最後に、畠山さんにあやかって「森のみどりは希望の色、生命のみなもと」と念じよう。
追記:今日、録りだめしていたNHKBS番組「コズミックフロント」を観ていたら、意外なものが最後に出てきた。近ごろ、自分で書いたものや何か行ったことを想起させるものが、偶然だが目にとまる。あまりにも符号が合うようで、ぞくっとする。次にアップする記事もそんな内容だ。

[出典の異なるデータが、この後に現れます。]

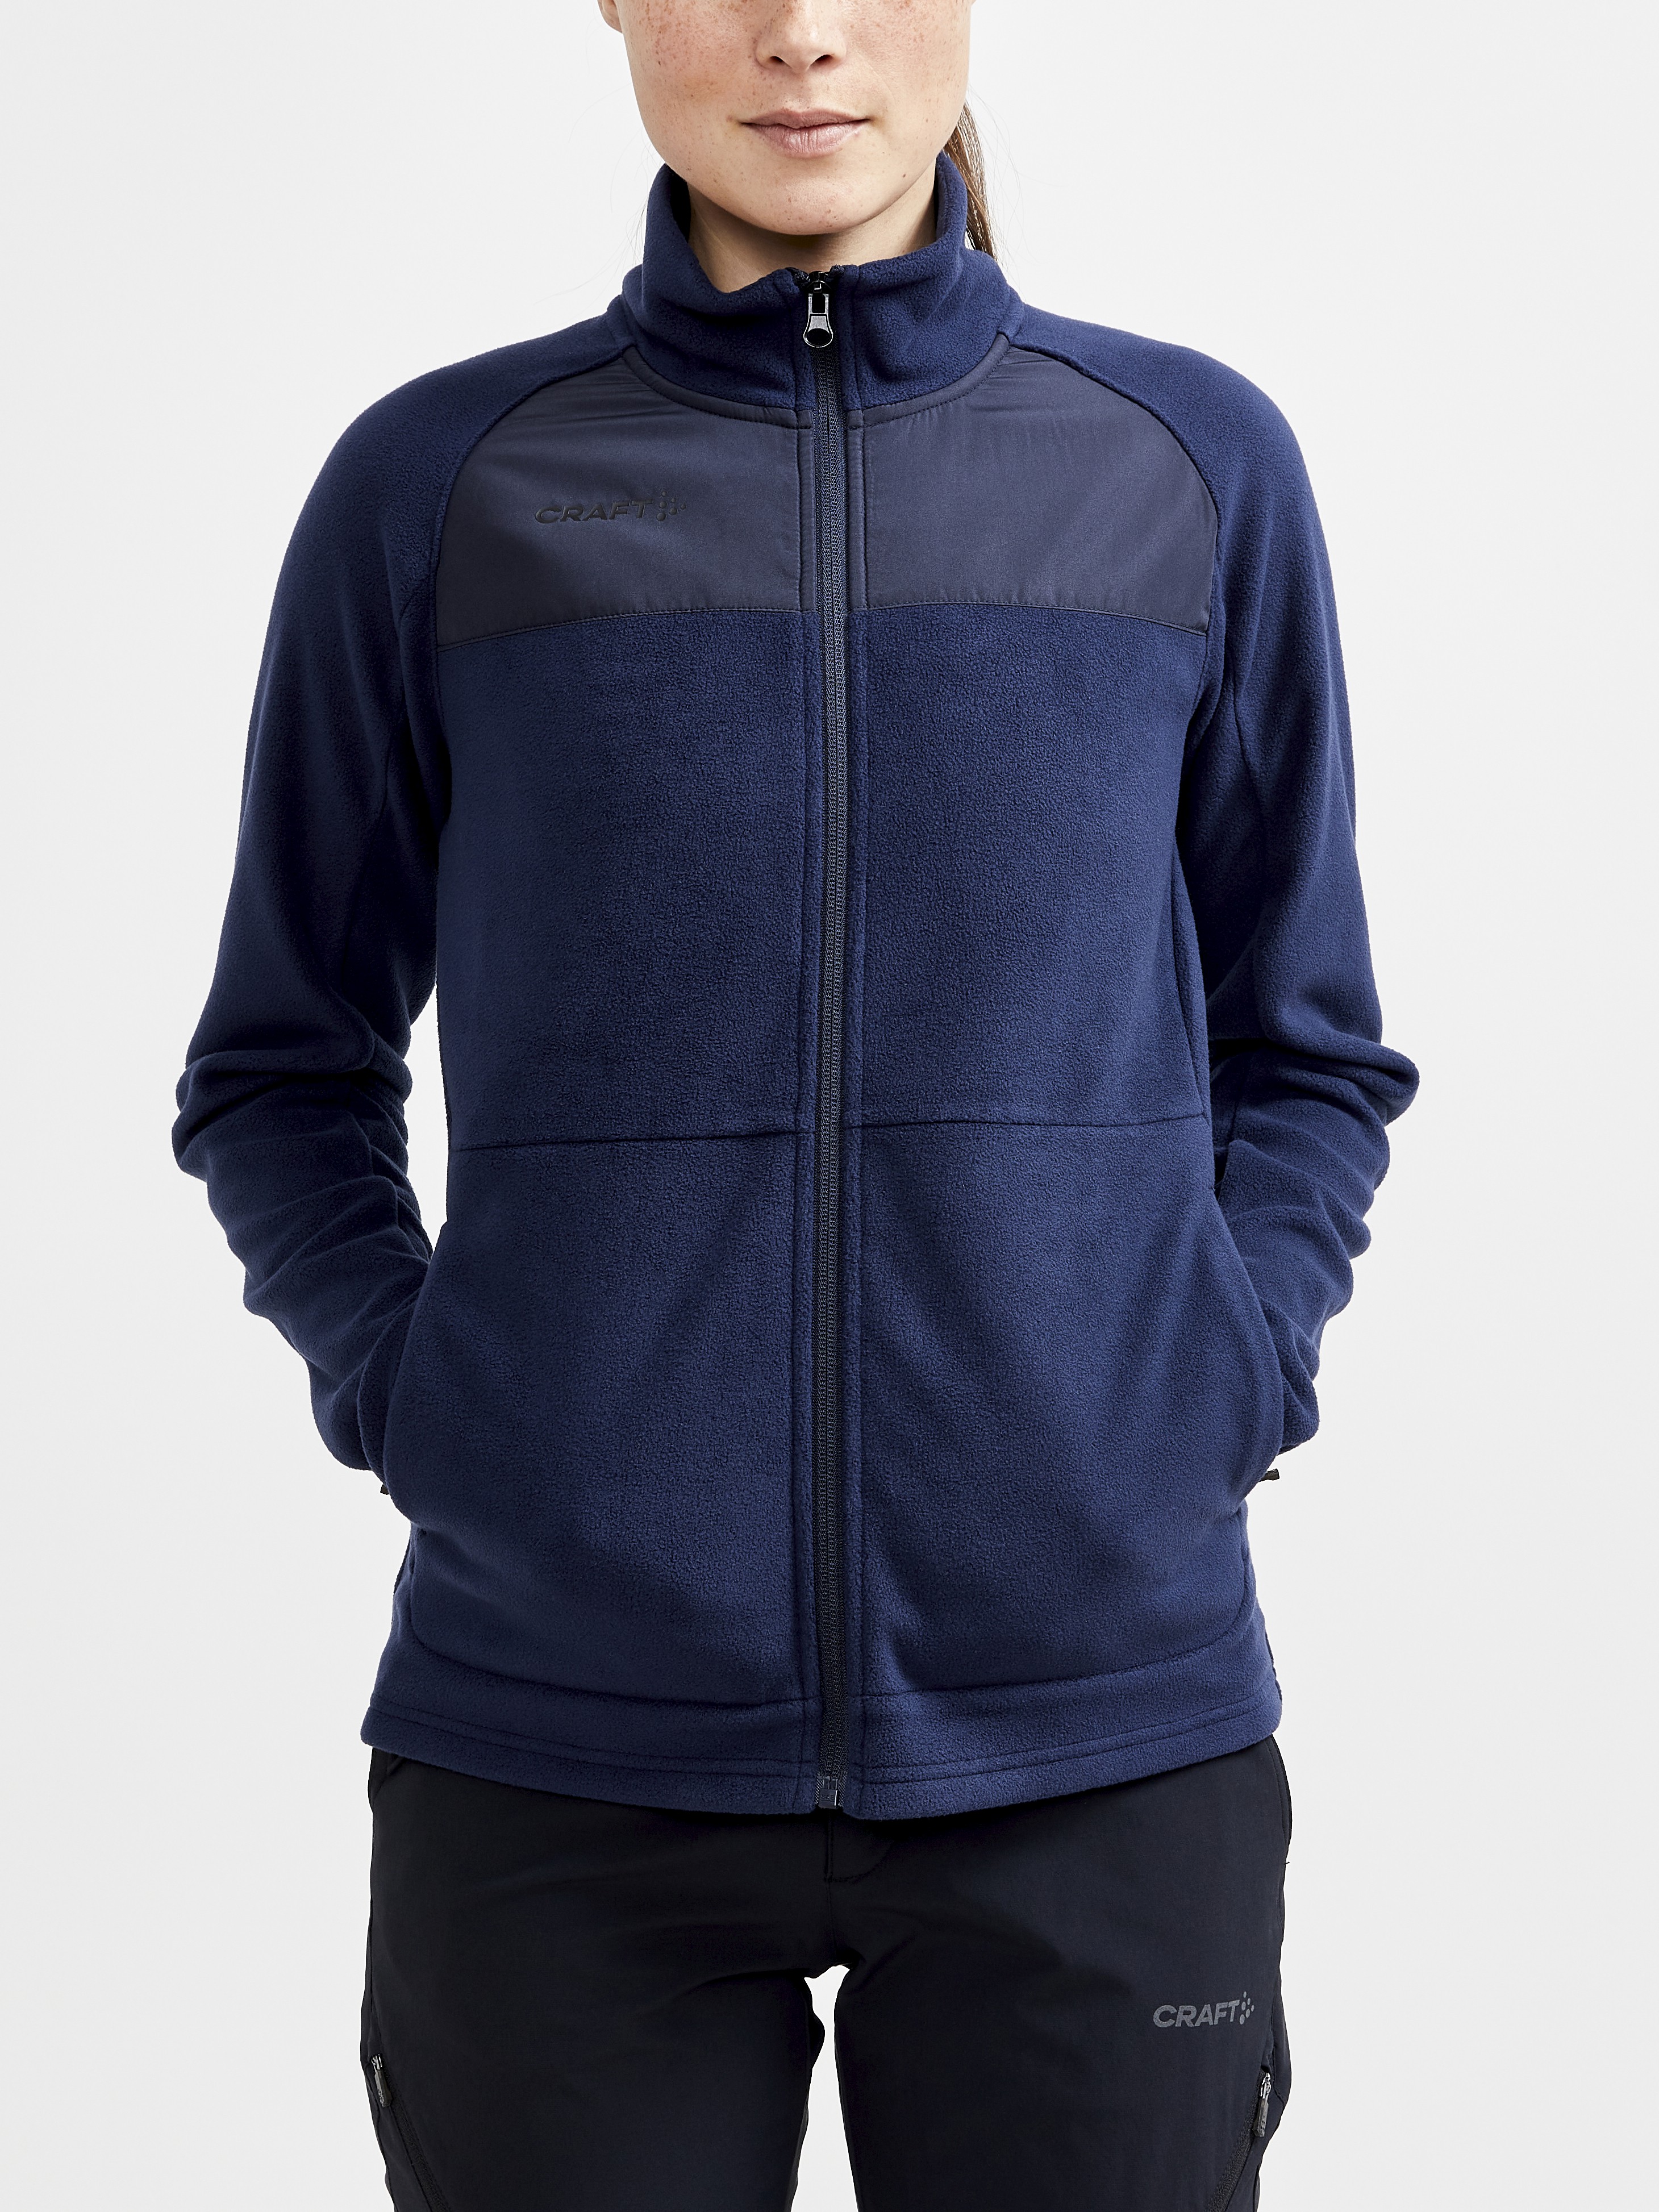 MAC Navy Fleece Jacket, Women's Full Zip – Way Nuff Stuff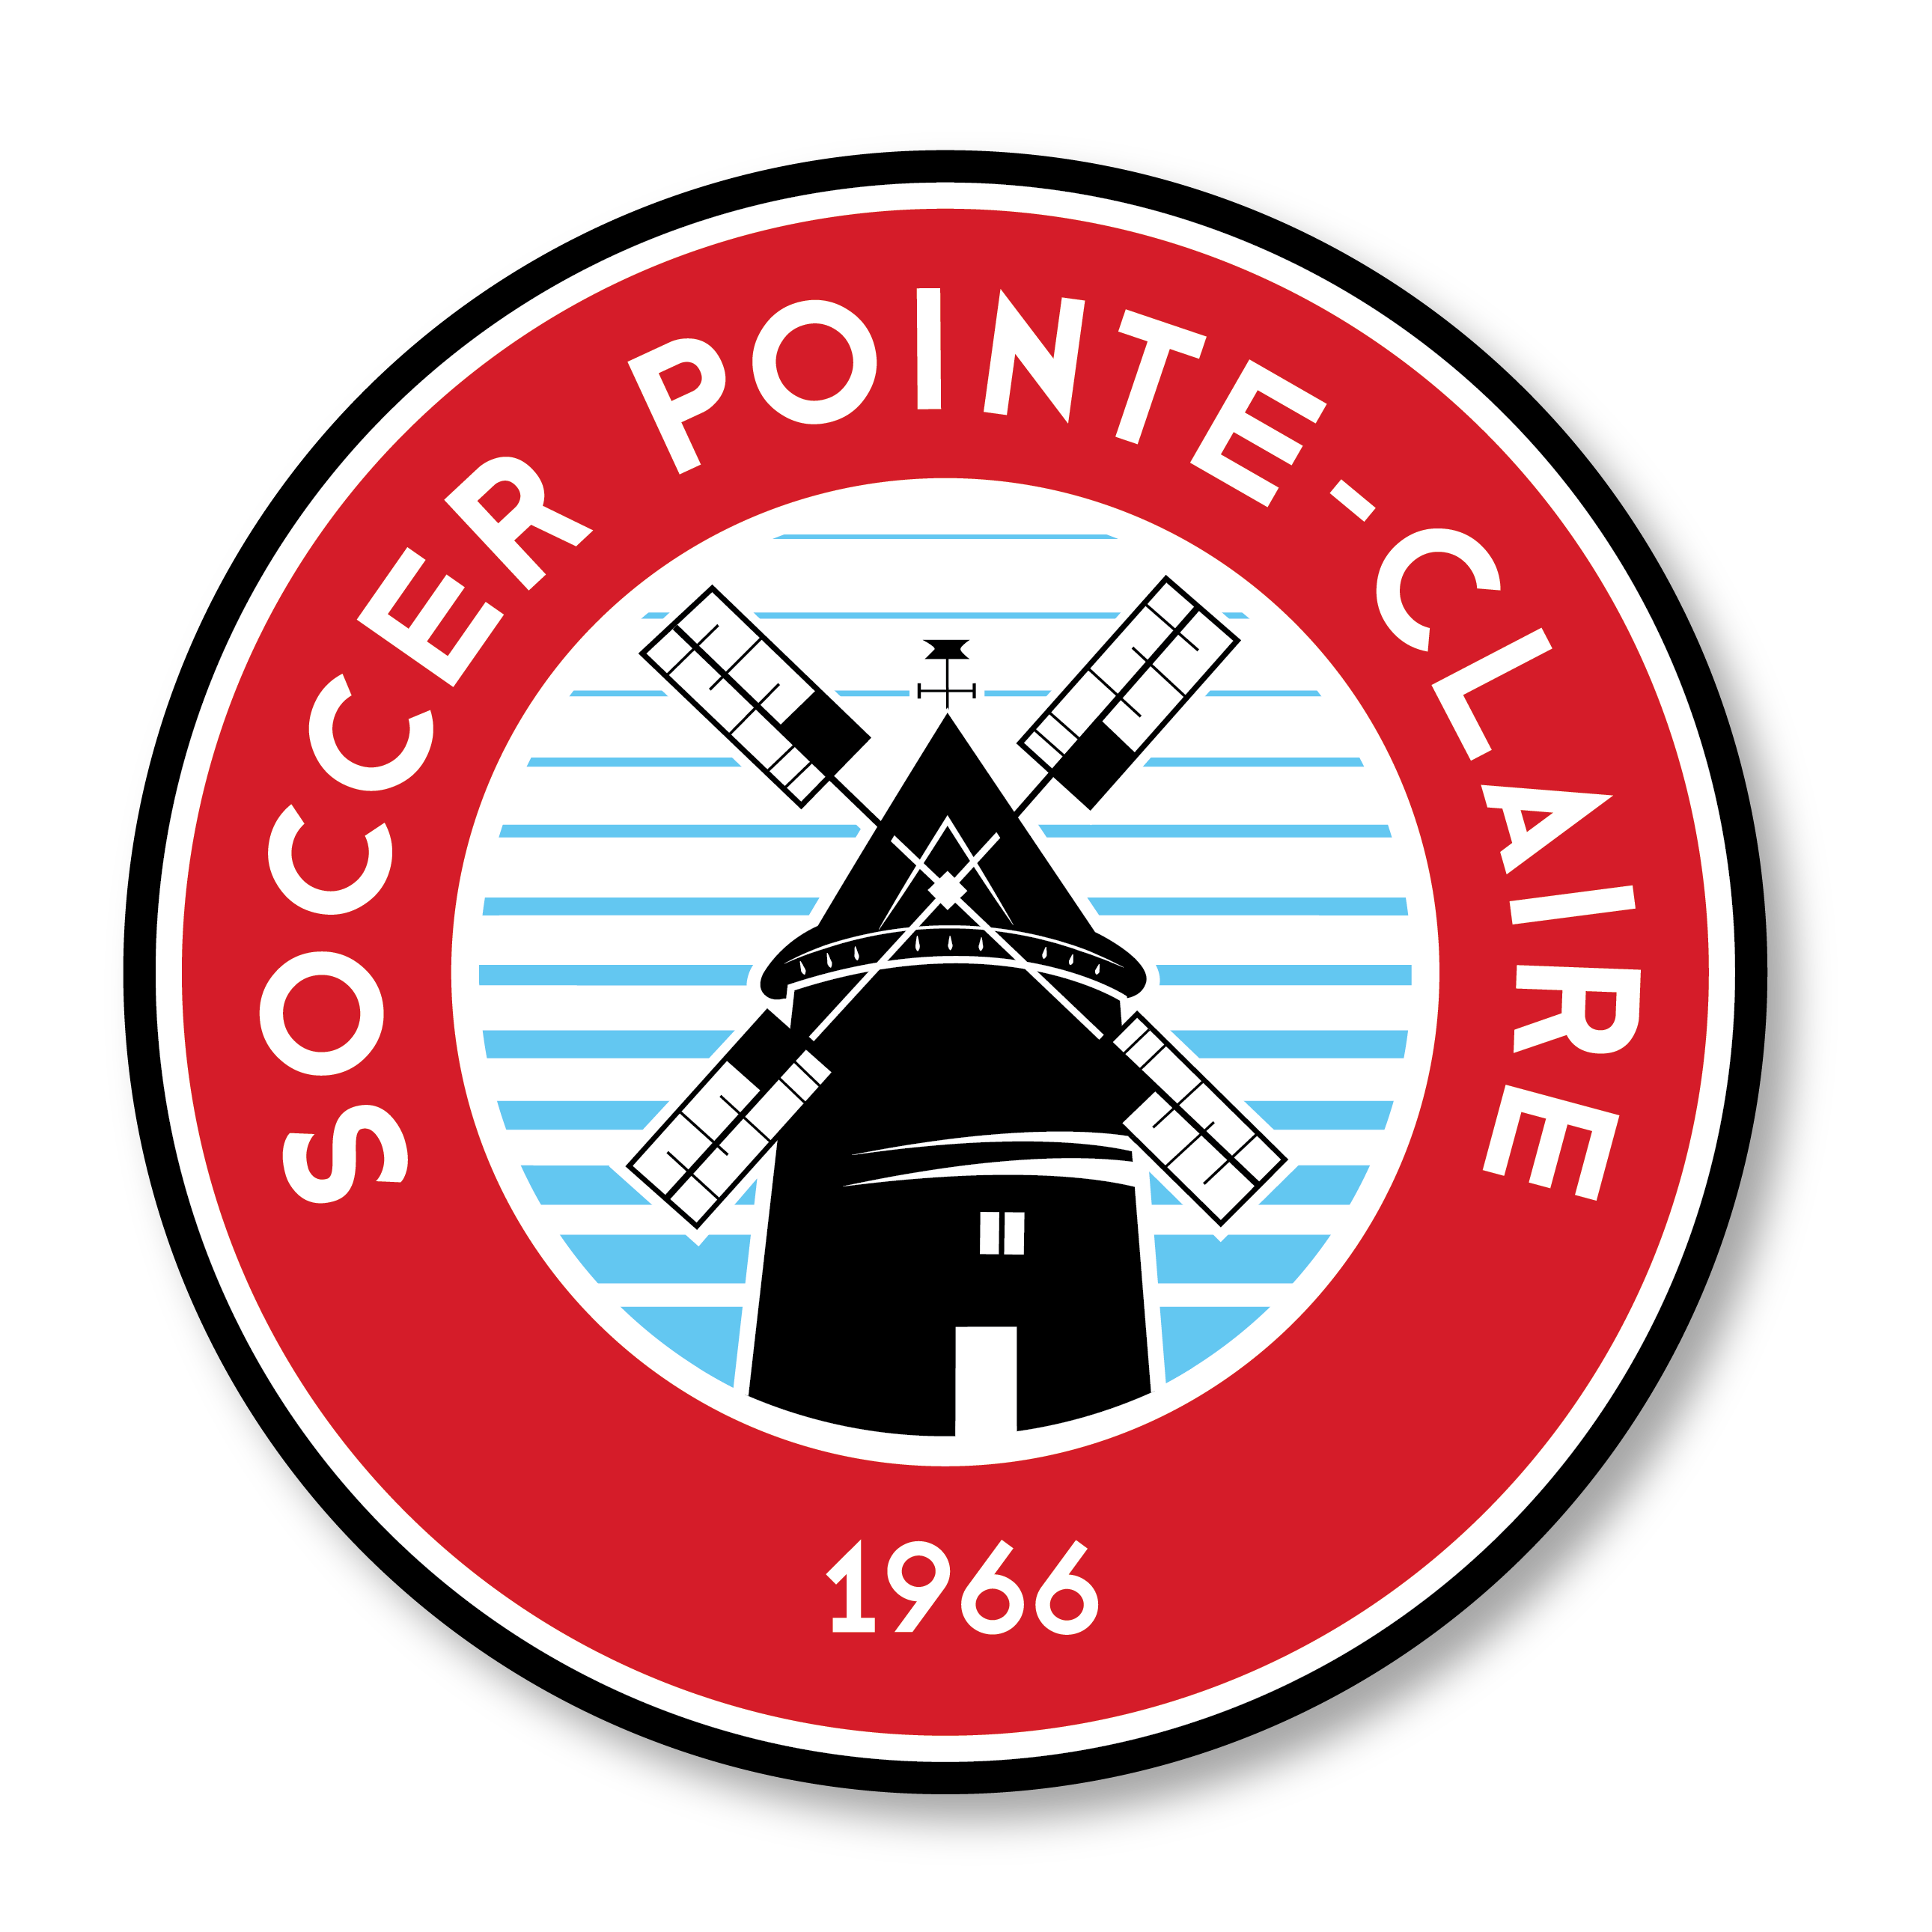 Association de soccer amateur de Pointe-Claire

さて、その番組とは「祖先からの記号」というタイトルで、1万年から3万年前に人類が、洞窟内に残した絵や記号のようなものを解明する回であった。アルタミラをはじめ欧州の各地にある洞窟には、先史時代の人類がのこした絵画や記号らしきものが描かれている。そのスピンオフというか関連として、サンチャゴ・デ・コンポステラ巡礼の「帆立」が出てきた。よく考えてみたら「祖先からの記号」のくくりで、帆立はなんの関係もないが・・。観終わったらデータ削除してしまい、確認のしようがない。せっかち、粗忽を地で生きる愚生は、いつもヘマばかりしている。とりあえず、ちょっと夢中でTV画面を写メしていたので、ここに載せれば、なにか面目がたつかと思うのだが・・。(9/26記)
▲矢印のしたの太陽のきごうのようなものが帆立である。
▲巡礼者が首から下げていた帆立のネックレス。これを見て、巡礼者同士が親交をふかめ、情報を交換するのだという。
前田礼のあとがきで、末盛千枝子が絵本『からすたろう』やしまたろう作の日本での出版の道をつくった人だったと知り、本棚から『からすたろう』を引っ張り出ししみじみと再読。
そして息子である末盛武彦が亡くなったとき、悲しみのなかで「天に一人を増しぬ」という言葉。読後なによりも深く胸に残っています。
今日はいろいろ用事が重なってPCから離れ、コメントが来たことに気づきませんでした。
さて、『出会いの痕跡』を手に入れられたんですね。嬉しいです。タイトルにあるように、出会うことによって人々の心が響きあい、それが繋がっていく。人と人との関係だけでなく、モノ、景色、想い出・・、そうした出会いの痕跡が何かを生むんでしょうね。
ありがとう、またお願いします。
わたしも小寄道さまとの「出会いの痕跡」の触りに感謝です。笑。